Records from a data collection:
"""

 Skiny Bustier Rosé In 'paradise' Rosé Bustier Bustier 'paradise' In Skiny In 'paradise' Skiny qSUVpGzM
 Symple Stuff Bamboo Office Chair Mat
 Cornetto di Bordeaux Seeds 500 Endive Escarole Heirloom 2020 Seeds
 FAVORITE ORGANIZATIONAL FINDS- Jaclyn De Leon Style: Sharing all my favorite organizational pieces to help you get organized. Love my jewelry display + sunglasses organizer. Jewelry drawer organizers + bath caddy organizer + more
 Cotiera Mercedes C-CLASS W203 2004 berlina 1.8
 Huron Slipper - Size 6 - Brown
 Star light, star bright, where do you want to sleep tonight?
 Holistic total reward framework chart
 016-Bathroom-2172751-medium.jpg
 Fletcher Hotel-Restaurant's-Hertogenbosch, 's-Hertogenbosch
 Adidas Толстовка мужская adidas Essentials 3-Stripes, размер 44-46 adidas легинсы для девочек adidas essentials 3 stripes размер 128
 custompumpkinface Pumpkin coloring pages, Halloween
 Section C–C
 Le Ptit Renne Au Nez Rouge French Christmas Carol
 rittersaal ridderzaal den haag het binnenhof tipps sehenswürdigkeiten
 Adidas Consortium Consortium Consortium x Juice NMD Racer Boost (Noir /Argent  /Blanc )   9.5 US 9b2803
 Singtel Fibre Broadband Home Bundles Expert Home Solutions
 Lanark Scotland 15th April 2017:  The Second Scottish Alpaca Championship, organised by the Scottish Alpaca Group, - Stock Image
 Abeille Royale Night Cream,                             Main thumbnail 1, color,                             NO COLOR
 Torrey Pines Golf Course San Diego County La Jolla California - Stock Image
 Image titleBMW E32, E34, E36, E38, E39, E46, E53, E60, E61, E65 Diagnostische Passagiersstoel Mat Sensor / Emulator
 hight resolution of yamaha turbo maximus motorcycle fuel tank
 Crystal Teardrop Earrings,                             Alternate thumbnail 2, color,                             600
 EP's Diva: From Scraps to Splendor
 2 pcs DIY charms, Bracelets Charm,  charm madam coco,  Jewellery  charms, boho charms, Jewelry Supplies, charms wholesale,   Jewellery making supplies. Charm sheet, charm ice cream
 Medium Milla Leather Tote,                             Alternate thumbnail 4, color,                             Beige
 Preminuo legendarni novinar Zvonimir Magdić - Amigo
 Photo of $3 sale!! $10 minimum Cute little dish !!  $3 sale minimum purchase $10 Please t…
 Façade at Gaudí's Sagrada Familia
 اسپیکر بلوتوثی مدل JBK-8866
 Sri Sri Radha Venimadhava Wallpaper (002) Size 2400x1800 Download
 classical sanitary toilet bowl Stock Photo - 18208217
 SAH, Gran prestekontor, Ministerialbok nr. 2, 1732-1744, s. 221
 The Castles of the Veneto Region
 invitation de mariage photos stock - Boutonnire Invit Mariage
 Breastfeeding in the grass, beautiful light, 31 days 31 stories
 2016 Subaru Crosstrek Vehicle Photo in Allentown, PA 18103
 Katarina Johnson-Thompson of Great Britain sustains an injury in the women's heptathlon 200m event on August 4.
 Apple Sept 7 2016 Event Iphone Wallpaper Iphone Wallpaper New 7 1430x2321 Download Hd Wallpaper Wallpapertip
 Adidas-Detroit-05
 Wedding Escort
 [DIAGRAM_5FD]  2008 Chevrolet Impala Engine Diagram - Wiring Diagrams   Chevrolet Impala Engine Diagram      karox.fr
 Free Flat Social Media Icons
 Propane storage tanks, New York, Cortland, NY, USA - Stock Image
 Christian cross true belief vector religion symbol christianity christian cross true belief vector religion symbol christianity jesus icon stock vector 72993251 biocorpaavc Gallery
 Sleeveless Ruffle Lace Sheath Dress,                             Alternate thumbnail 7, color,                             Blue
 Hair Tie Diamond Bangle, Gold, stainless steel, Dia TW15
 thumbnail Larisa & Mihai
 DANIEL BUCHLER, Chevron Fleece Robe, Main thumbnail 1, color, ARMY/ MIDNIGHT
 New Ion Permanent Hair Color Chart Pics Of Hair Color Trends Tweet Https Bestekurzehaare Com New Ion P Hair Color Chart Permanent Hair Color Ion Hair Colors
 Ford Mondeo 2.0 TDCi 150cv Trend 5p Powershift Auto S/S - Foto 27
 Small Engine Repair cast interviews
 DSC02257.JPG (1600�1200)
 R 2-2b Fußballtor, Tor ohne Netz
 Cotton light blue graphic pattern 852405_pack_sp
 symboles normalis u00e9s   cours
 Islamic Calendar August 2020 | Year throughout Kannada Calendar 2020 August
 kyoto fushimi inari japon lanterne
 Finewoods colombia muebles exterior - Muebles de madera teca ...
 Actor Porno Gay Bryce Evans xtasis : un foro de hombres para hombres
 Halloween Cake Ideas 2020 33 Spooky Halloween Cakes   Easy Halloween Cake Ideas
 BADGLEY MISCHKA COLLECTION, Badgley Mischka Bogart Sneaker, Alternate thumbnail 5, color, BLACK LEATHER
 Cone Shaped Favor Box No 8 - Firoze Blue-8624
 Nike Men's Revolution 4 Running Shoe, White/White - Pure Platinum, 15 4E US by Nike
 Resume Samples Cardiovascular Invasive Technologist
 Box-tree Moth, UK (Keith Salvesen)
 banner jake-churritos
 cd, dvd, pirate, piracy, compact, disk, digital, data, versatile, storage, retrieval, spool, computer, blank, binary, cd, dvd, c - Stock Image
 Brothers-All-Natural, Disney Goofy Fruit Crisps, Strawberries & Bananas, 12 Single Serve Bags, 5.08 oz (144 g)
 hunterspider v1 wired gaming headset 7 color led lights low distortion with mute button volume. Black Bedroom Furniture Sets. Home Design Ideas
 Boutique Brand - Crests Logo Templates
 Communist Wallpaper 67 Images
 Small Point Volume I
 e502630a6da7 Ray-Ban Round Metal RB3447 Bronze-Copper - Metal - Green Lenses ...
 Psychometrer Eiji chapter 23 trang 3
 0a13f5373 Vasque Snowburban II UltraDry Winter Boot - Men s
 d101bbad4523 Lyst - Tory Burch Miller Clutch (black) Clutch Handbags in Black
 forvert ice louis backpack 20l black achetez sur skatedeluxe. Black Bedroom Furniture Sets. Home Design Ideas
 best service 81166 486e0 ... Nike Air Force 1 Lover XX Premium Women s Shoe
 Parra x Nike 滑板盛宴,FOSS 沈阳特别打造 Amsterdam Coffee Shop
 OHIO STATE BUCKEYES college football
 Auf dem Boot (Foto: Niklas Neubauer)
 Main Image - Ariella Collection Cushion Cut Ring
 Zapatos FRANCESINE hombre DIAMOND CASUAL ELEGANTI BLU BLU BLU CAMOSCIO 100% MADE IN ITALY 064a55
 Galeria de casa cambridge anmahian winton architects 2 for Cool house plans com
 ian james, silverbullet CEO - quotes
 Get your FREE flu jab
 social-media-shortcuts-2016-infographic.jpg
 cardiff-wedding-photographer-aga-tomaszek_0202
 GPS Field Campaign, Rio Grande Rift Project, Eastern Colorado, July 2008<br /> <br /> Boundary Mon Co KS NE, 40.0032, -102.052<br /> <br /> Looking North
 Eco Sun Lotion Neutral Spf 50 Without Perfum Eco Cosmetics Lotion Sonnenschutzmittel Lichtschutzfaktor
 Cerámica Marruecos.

"""

◆ WORK TASK ◆
In the data above, which lines lie between the line with "Medium Milla Leather" and the line with "classical sanitary toilet", inclusive? Print those lines exactly and nothing else.

◆ RESPONSE ◆
 Medium Milla Leather Tote,                             Alternate thumbnail 4, color,                             Beige
 Preminuo legendarni novinar Zvonimir Magdić - Amigo
 Photo of $3 sale!! $10 minimum Cute little dish !!  $3 sale minimum purchase $10 Please t…
 Façade at Gaudí's Sagrada Familia
 اسپیکر بلوتوثی مدل JBK-8866
 Sri Sri Radha Venimadhava Wallpaper (002) Size 2400x1800 Download
 classical sanitary toilet bowl Stock Photo - 18208217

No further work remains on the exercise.